** Opening Material for this exercise block **
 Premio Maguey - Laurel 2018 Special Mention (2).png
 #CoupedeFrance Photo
** Closing Material for this exercise block **
** Opening Material for this exercise block **
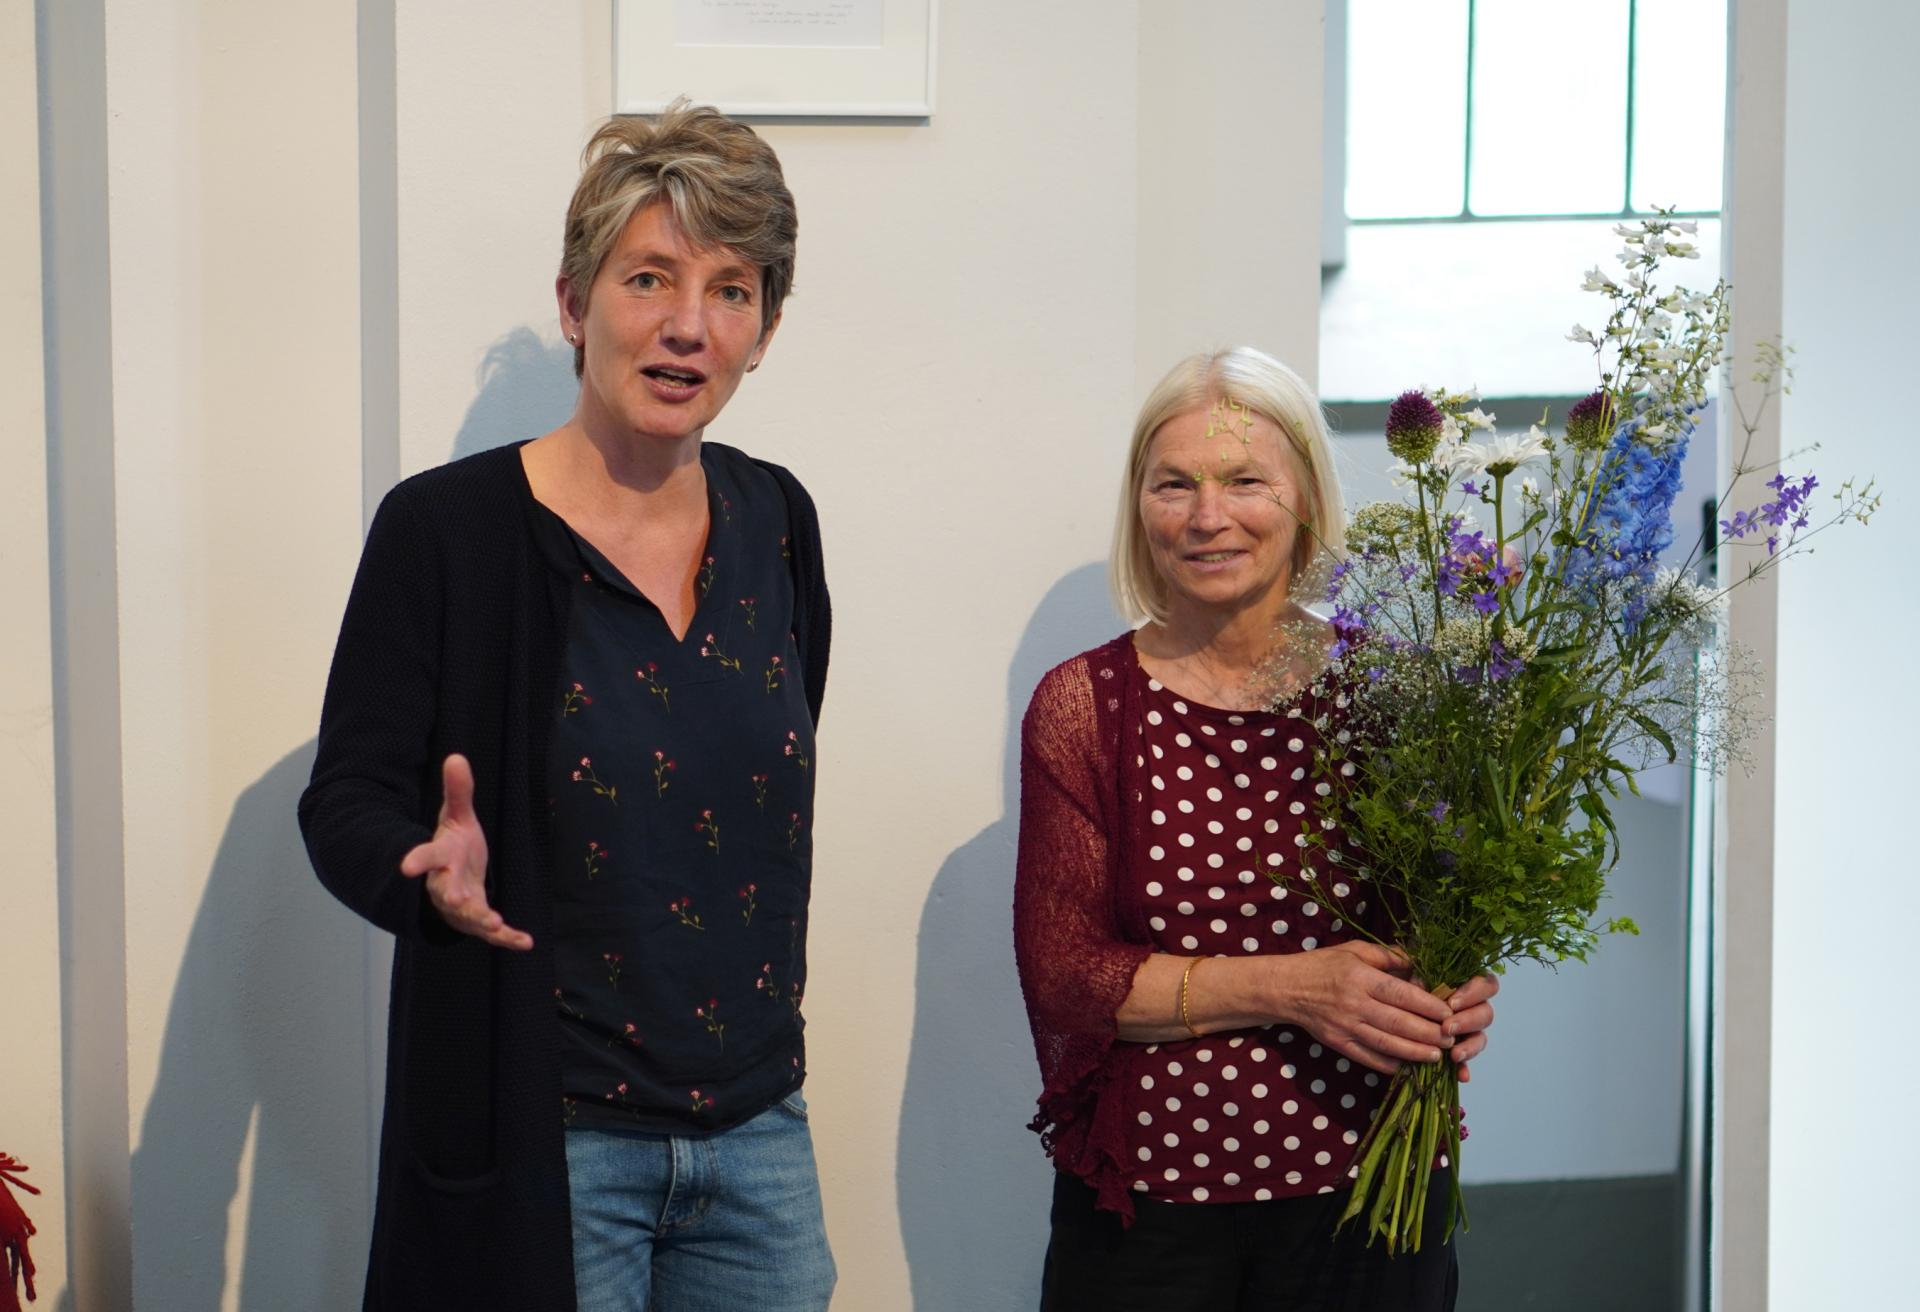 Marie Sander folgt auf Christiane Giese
** Closing Material for this exercise block **
__Directions for this task__. Set down, from the entries above, exactly the lines from the one with "Premio Maguey - Laurel" up to and including the one with "#CoupedeFrance Photo", and no other lines.

__Exercise solution__.
 Premio Maguey - Laurel 2018 Special Mention (2).png
 #CoupedeFrance Photo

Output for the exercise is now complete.